This article was updated on Dec. 7, 2017, and originally published on July 11, 2017.
Over the last several years, investors looking to benefit from the ongoing developments in the field of AI needed to look no further than graphics processing pioneer NVIDIA Corporation (NASDAQ:NVDA). The massive parallel computing capability that made GPUs the best choice for rendering images turned out to be just as effective for training artificial intelligence (AI) systems. NVIDIA positioned itself to leverage that advantage and began optimizing processors specifically for that purpose.
For a time, the GPU giant had the field to itself and financial results soared. For its fiscal 2018 third quarter (which ended Oct. 29, 2017) NVIDIA grew revenue to $2.64 billion, an increase of 31.5% over the prior-year quarter, while GAAP net income of $833 million jumped 55% year over year. The stock has doubled in the last year, and its valuation has jumped as well. NVIDIA now trades at an astonishing 48 times trailing earnings, with an only slightly less expensive forward multiple of 43. At these levels, any actual or perceived failure to execute could bring the stock crashing down.

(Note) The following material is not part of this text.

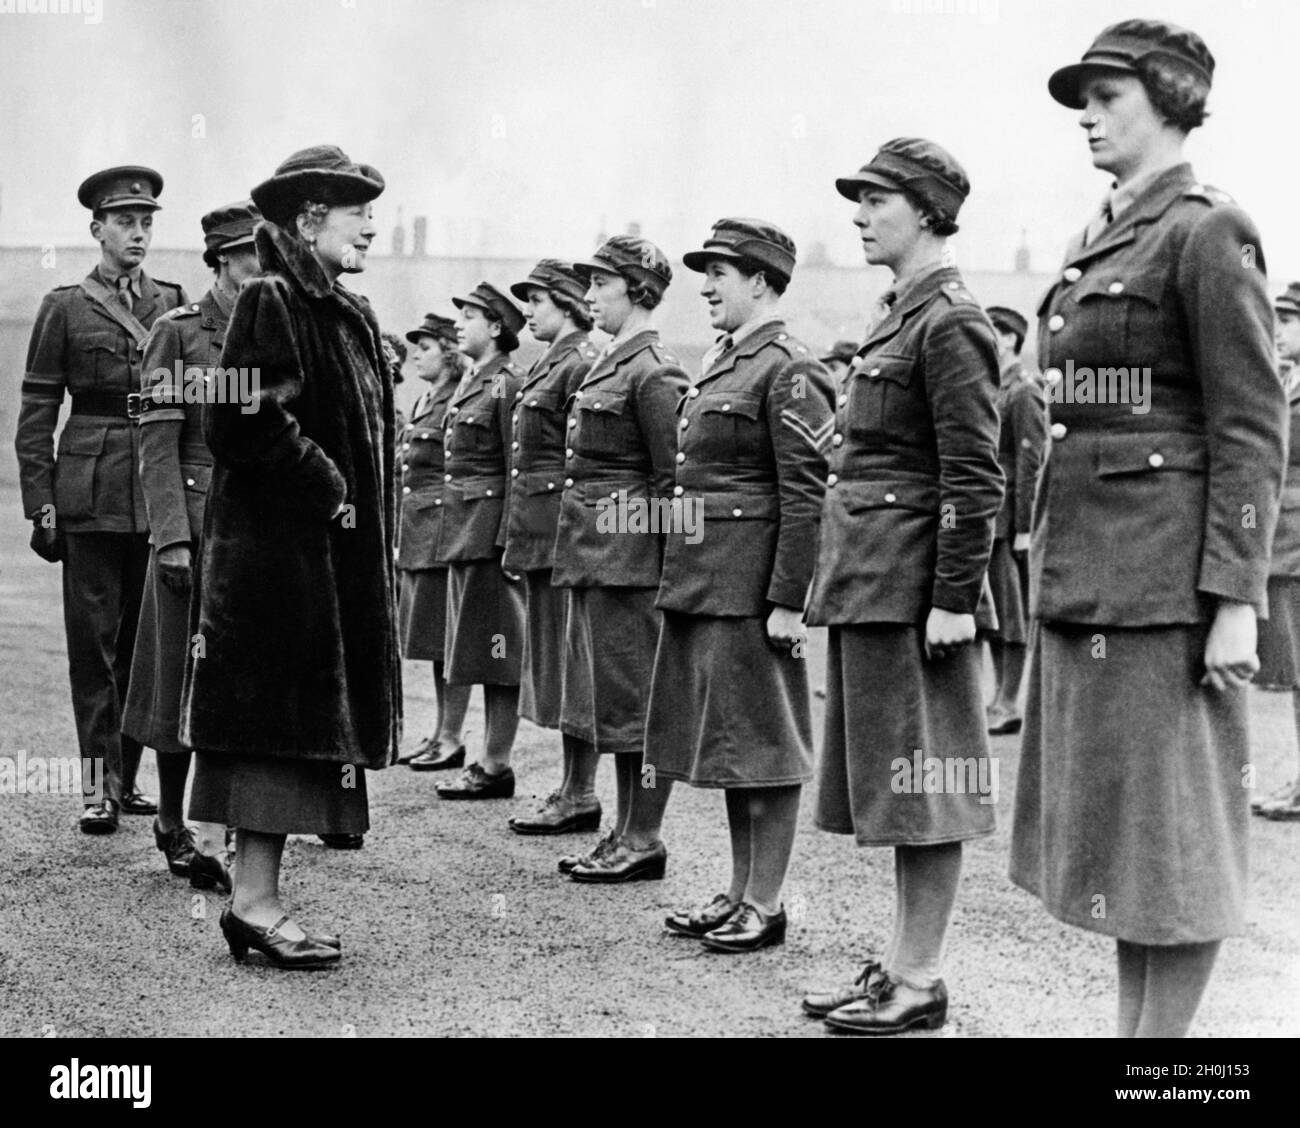 Anne Chamberlain, wife of Prime Minister Neville Chamberlain, visits troops of the British Army's Women's Auxiliary. [automated translation] Stock Photo

The good news is that investors looking to capitalize on the growing trend of AI can invest in a pioneer in the field that offers solid growth without the potential downside risk -- Google, a division of Alphabet Inc. (NASDAQ:GOOGL) (NASDAQ:GOOG).
An AI pioneer
Google has been at the forefront of AI, and early research in deep learning, a specific discipline of AI, has led to advances in image recognition, language processing, and voice recognition. Suggesting the name of a friend to "tag" in a photo and the ability to ask questions of the virtual assistant on your smartphone are examples of the developments resulting from early successes in AI.
Google developed TensorFlow, its open-source AI framework that developers use to more easily build their own AI systems. The company also created the tensor processing unit (TPU), a specialized chip that delivers optimized performance while achieving significant improvements in energy efficiency. These were previously only used in the execution or "inference" phase of running AI systems that had previously been trained using GPUs. Google recently revealed that its second-generation TPU is now capable of both the inference and training phases of AI systems, putting it into direct competition with NVIDIA's GPUs. Google has not yet announced plans to market the chip but is currently using the processor internally.
A move to the cloud
TPUs were instrumental in the historic win over a human champion in the ancient game of Go, one many thought too complex for a machine to master. These tools and technological advantages now underlie Google's cloud computing system and provide a catalyst for future growth. Market research company Gartner estimates that the cloud infrastructure-as-a-service (IaaS) market will top $34 billion in 2017, and grow to $71 billion by 2020. That market is currently dominated by Amazon.com, followed by Microsoft Corporation, but Google is third and closing fast.
The use of cloud services is becoming particularly relevant to development in the field of AI. The ability to train these systems requires the intersection of big data and vast computing power, and many companies don't possess the financial resources to develop AI programs from scratch. The ability to piggyback off the systems offered by cloud providers has been key to advancing the research capability of smaller companies.
But what is all that AI worth?
It is difficult to quantify the future revenue potential of AI, but certain anecdotal evidence can provide insight. In 2014, Google acquired AI start-up DeepMind in a deal estimated at $600 million. At the time, Google sought to eek further energy efficiency from its already miserly data centers and applied DeepMind's AI to the task. By regulating cooling systems, windows, and servers, and controlling 120 condition-based variables, the company was able to reduce the amount of energy used for cooling by 40%. This cut Google's total power consumption by 15%, saving the company hundreds of millions of dollars.
While investors wait for the potential financial windfall that could result from AI, they can take heart that Google's principle business still thrives. In its 2017 third quarter, Alphabet increased revenue to $27.77 billion, up 24% over the prior-year quarter. Net income was similarly impressive at $6.7 billion, an increase of 33% year over year.
Alphabet stock is up 35% over the last year, respectable by any measure, but nowhere near the blistering pace of NVIDIA's 100% rise. Still, as the old saying goes "what goes up must come down." Google's development of the TPU illustrates a stark reality for NVIDIA. Should any processor or solution become generally available that improves the performance of the GPU, NVIDIA's future growth could slow considerably, and the stock will adjust to reflect that reality. That's why you might want to forget NVIDIA.